One of the reasons inequality has been manageable to date is that even the poorest members of Chinese society have much higher incomes today than they did twenty years ago. Relatively speaking they have fallen further behind. But in absolute terms they have done, with very few exceptions, extremely well. Their absolute living standard has gone up enormously… But if economic growth were to slow down, that whole equation would change dramatically. Then you might have a situation in which as inequality gets worse, the people at the bottom of the income distribution might be experiencing an actual decline in their real living standards, rather than an increase. And I think that would be much, much more difficult for the regime to manage. So I think maintaining a robust economic growth and delivering rising living standards is a precondition for maintaining political stability.”

How the economic crisis affects political stability in China and what domestic policy changes come out of it will all be interesting developments to watch. The government has already promised to provide nearly universal health care coverage within three years, not to mention large investments in transportation and education. The health care program was conceived, in part, to induce more consumer spending. Savings rates are really high, around 40%, because of the lack of pensions and private health care insurance.

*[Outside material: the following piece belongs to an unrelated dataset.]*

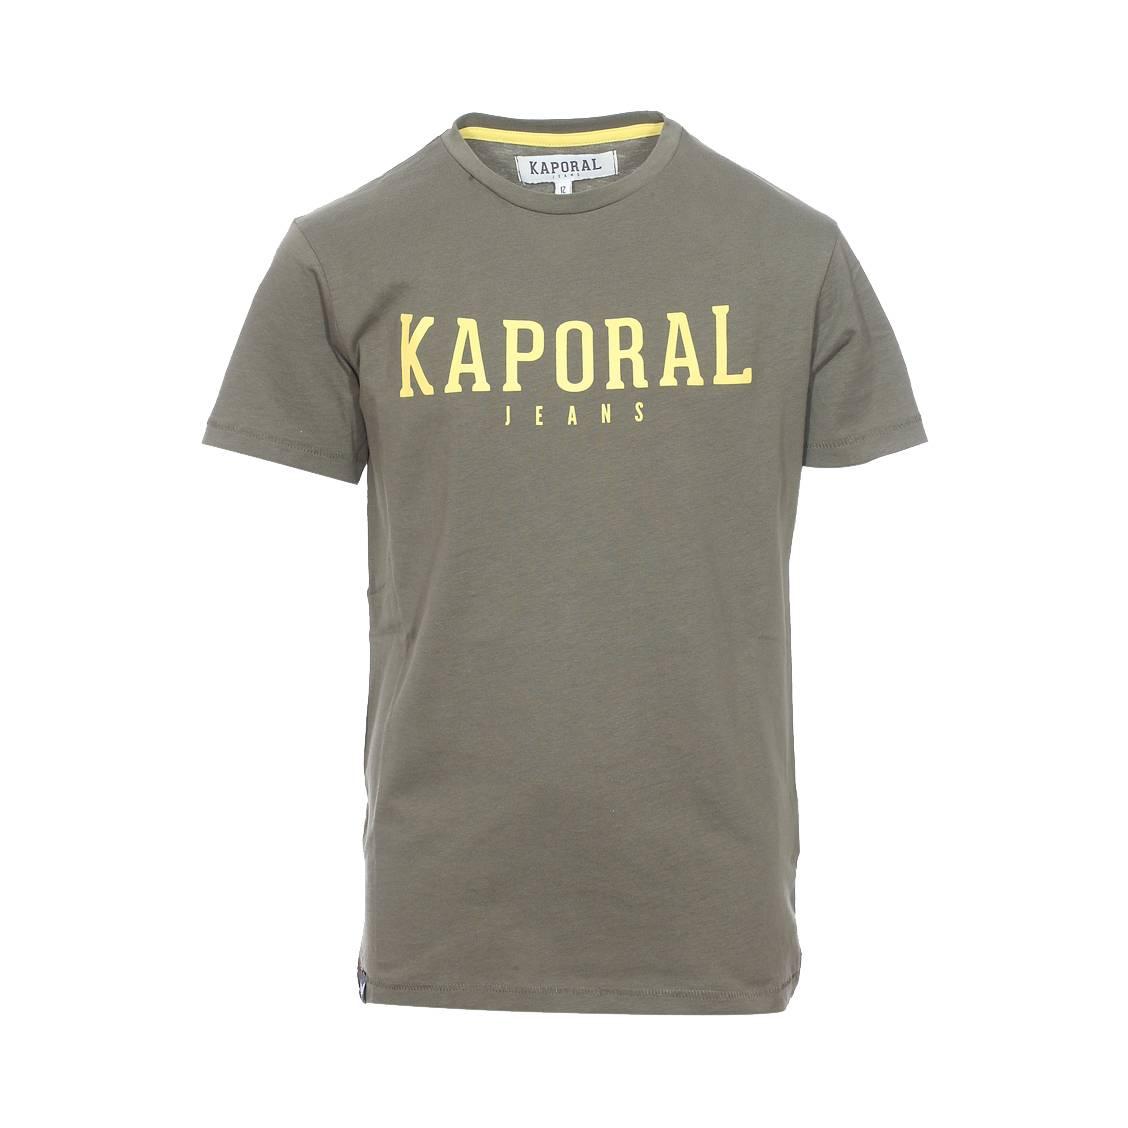 Tee-shirt col rond  rona en coton kaki floqué en jaune

Another way to look at it – in China, 35% of the economy is consumer spending, compared to 70% in the United States, so the high savings rate is limiting domestic demand and the consumer driven growth that is needed to replace the slowing demand for the country’s exports and maintain the high levels of growth of recent years.

The economic crisis in the United States also presents a unique opportunity to transform domestic policy in areas such as health care, education, financial regulation, and levels of saving and investment. For an excellent overview of opportunities for fundamental reforms in our country, see David Leonhardt’s essay in the New York Times Magazine.

Finally, the country that invented tea now has more than 350 Starbucks stores and is growing a new coffee for the chain, the first Chinese coffee to be sold by Starbucks. Green tea frappuccinos, by the way, are one of the more popular Starbucks drinks in China. Otherwise, the stores and their menus seem to be the same as those in the States.